В той, прошлой жизни я не раз пробовал жжёнку на фестивалях реконструкторов-бородинцев, а вот за полтора месяца проведённые здесь, этого почему-то не случилось. Так что я был уверен, что способ приготовления с перекрещёнными клинками не более, чем поэтическая выдумка – кому придёт охота отжигать металл клинков? Всегда можно раздобыть какие-нибудь металлические прутья – те же шомпола, в конце концов, а не портить боевое оружие.

И оказался неправ. Правда, павлоградцы не стали пускать в дело свои сабли. Они использовали полдюжины французских пехотных тесаков-полусабель, никуда не годных в бою, зато удобных для хозяйственных целей – поросёнка приколоть, хворосту нарубить, или, к примеру, вот так. Трофеи отлично справлялись со своей функцией и оставалось только не забывать подливать время то времени ром в бурлящее в котле варево, чем и занимался ассистирующий Алфёрову гусар.

Корнет черпнул немного жидкости деревянной ложкой, привязанной к обструганной палочке, попробовал. Сначала физиономия его сделалась задумчивой, но потом озарилась довольной улыбкой.

- Готово, господа! Горский, дружище, побудьте-ка виночерпием, если не затруднит…

Поручик кивнул и потянулся за жестяным черпаком. Гусары, весело комментируя происходящее, потянулись к нему, а Алфёров тем временем стряхнул с клинков расплавленный сахар и вылил из бутылок остатки рома.

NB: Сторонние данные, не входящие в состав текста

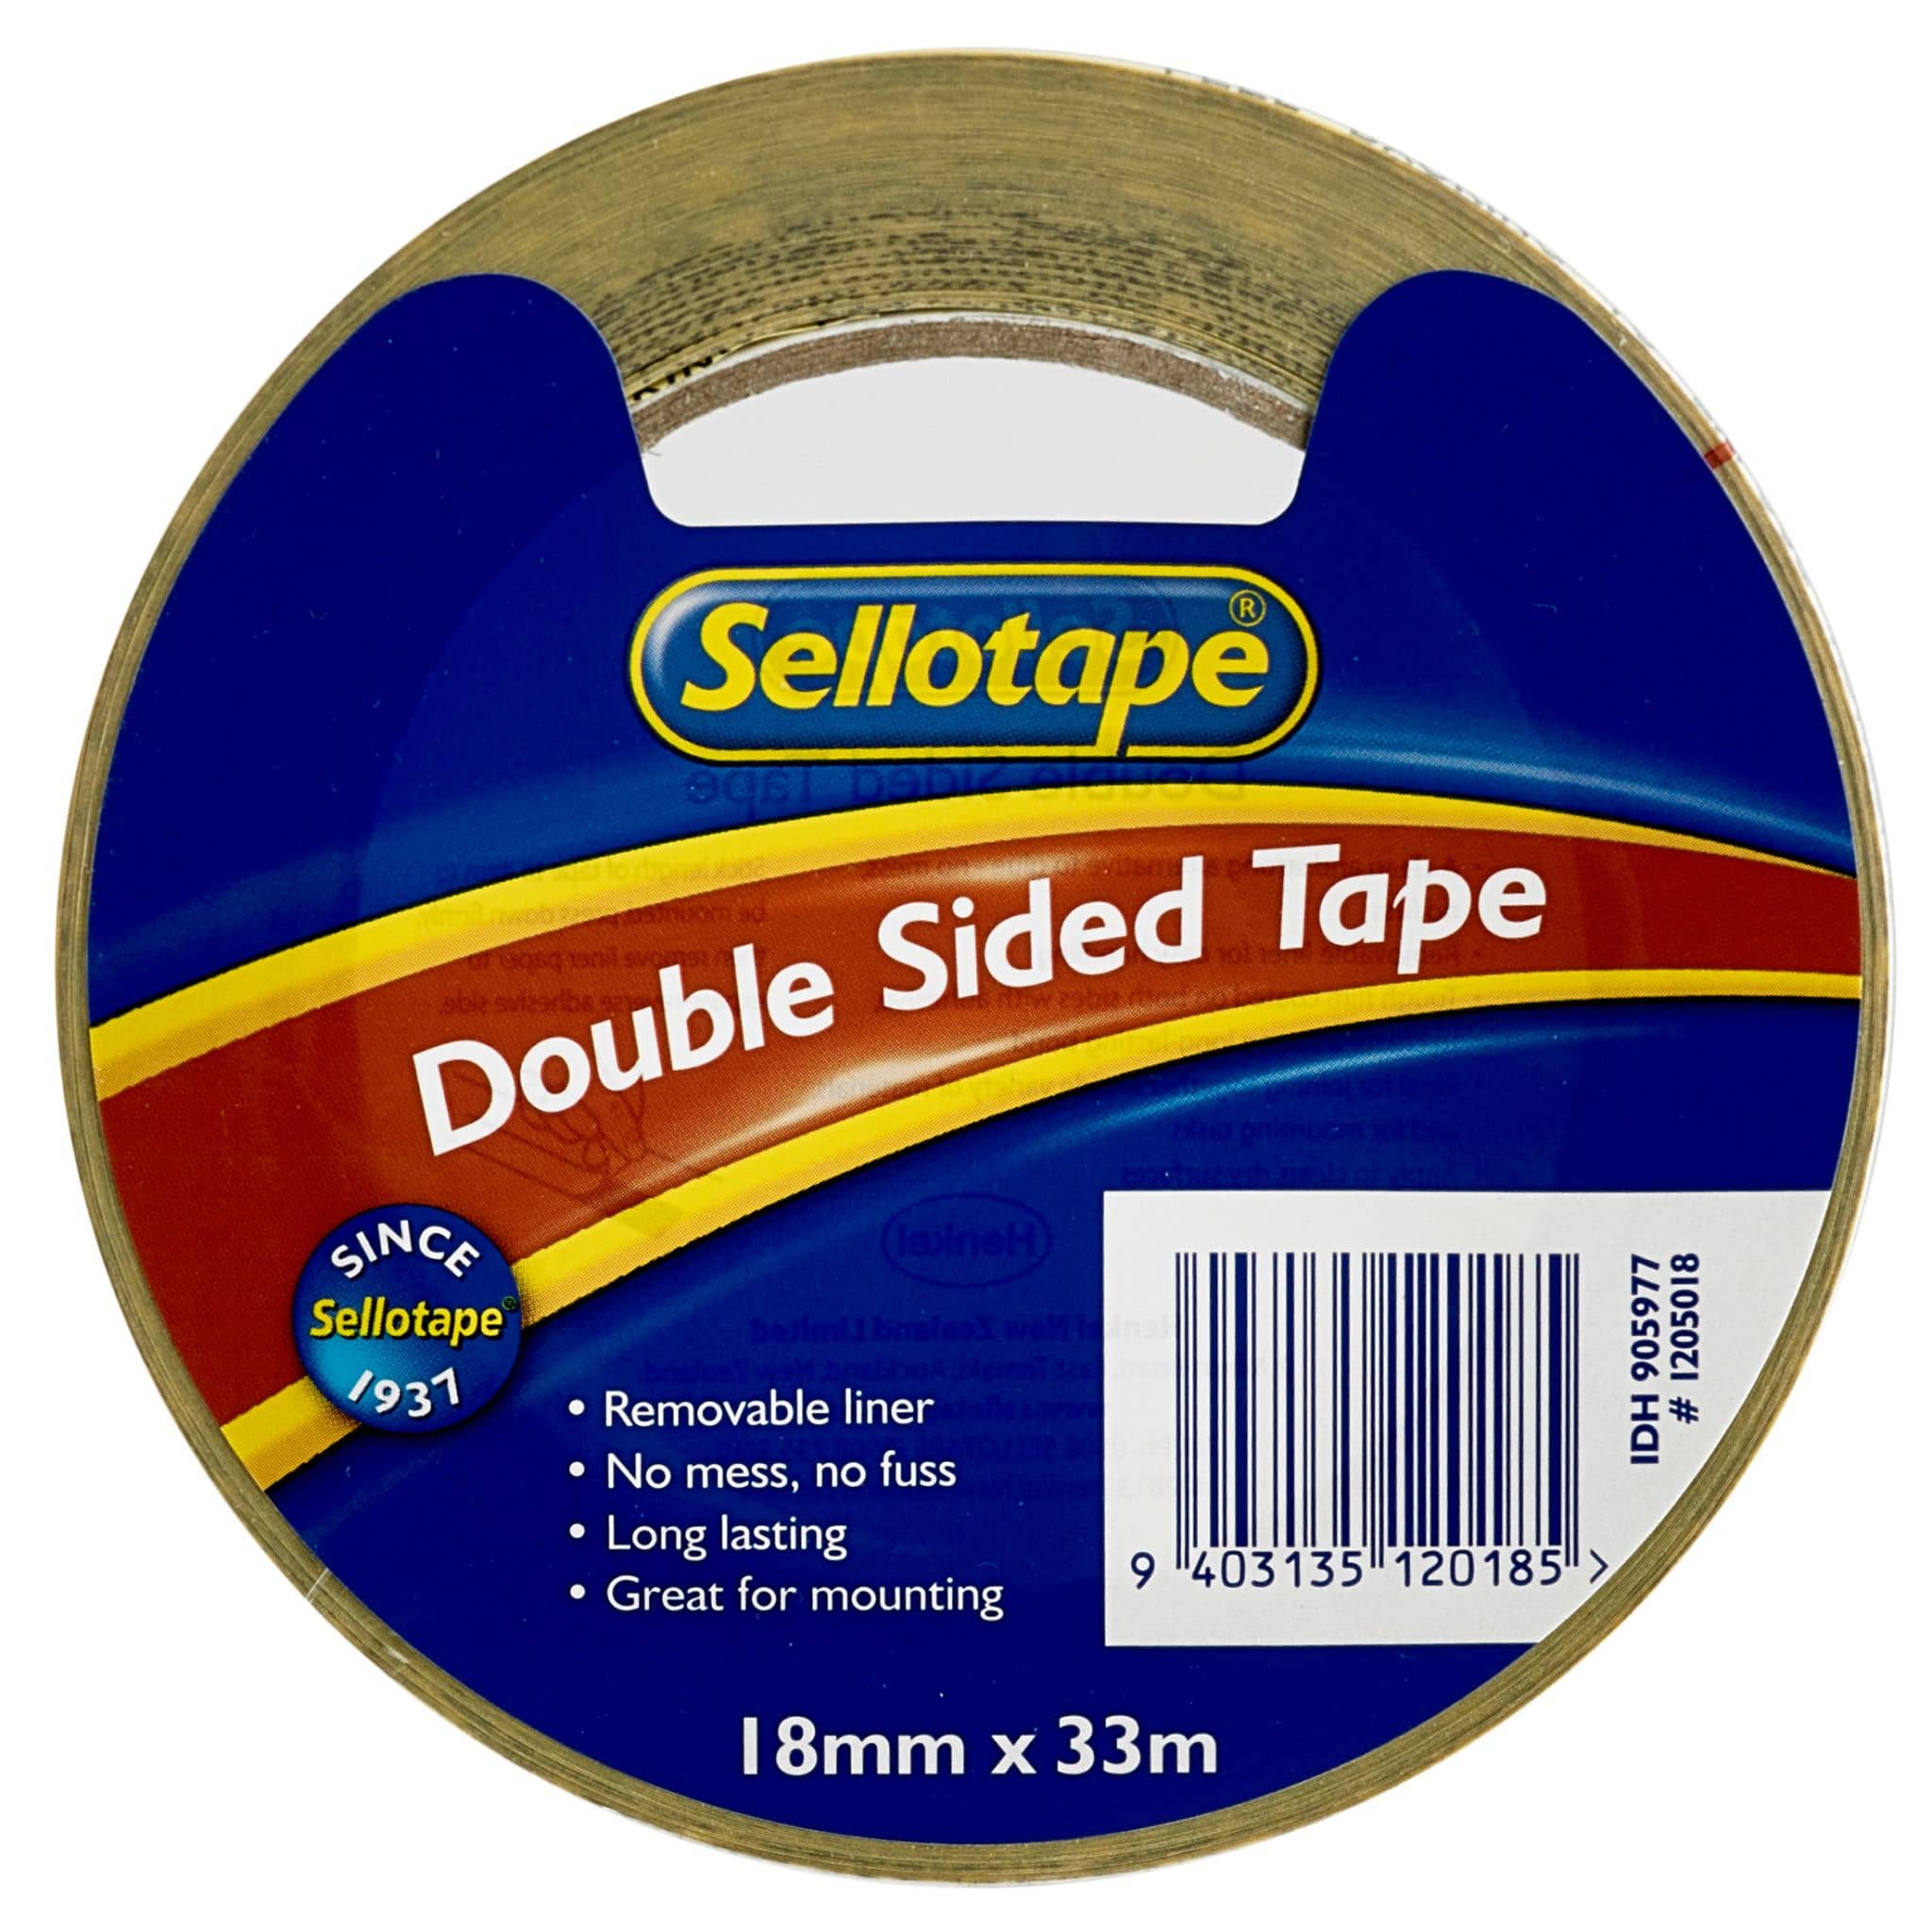 Sellotape 1205 Double-Sided Tape 18x33m

- Не толпитесь, господа, всем хватит! И полегче, полегче, а то, не приведи Бог, опрокинете…

Нам с Ростовцевым, как почётным гостям, жжёнка полагалась вне очереди. Приняв от «виночерпия» по большой глиняной кружке, распространяющей одуряющий аромат, мы отошли к соседнему костру, на котором денщики жарили на вертеле двух поросят. Получив по ломтю истекающего соком и жиром мяса, мы совсем было собрались пристроиться на ступеньках крыльца и отдать должное угощению, когда ротмистр Богданский, получив свою кружку, взгромоздился в полный рост на телегу и громогласно провозгласил тост «за одоление супостата». Пили, как положено в подобном случае, стоя и до дна, после чего пришлось идти за новой порцией. Место на телеге уже занял другой павлоградец – и завёл длинный, витиеватый тост, в котором почти сразу запутался, начал заикаться, чертыхаться, и в конце концов, обозвав по матушке Бонапарта вместе с его армией, припал к своей кружке. Под общий (впрочем, вполне доброжелательный) смех мы разделались со второй порцией жжёнки, зажевали огненную жидкость жареной поросятиной. Ростовцев послал Прокопыча с полной кружкой и тарелкой мяса к нашему пленнику (француз благоразумно решил пересидеть гусарскую пьянку в избе), мы по третьему разу сходили к котлу - и понеслась…

***

Из Павлова мы выехали за полдень следующего дня в прескверном состоянии духа и тела. Колени ватные, руки дрожат, спина в холодном поту (не помог даже ледяной душ из кадки возле колодца) мир перед глазами опасно раскачивался. Никогда, слышите, никогда больше! На всю оставшуюся жизнь, твердокаменный зарок – не мешать жжёнку с водкой…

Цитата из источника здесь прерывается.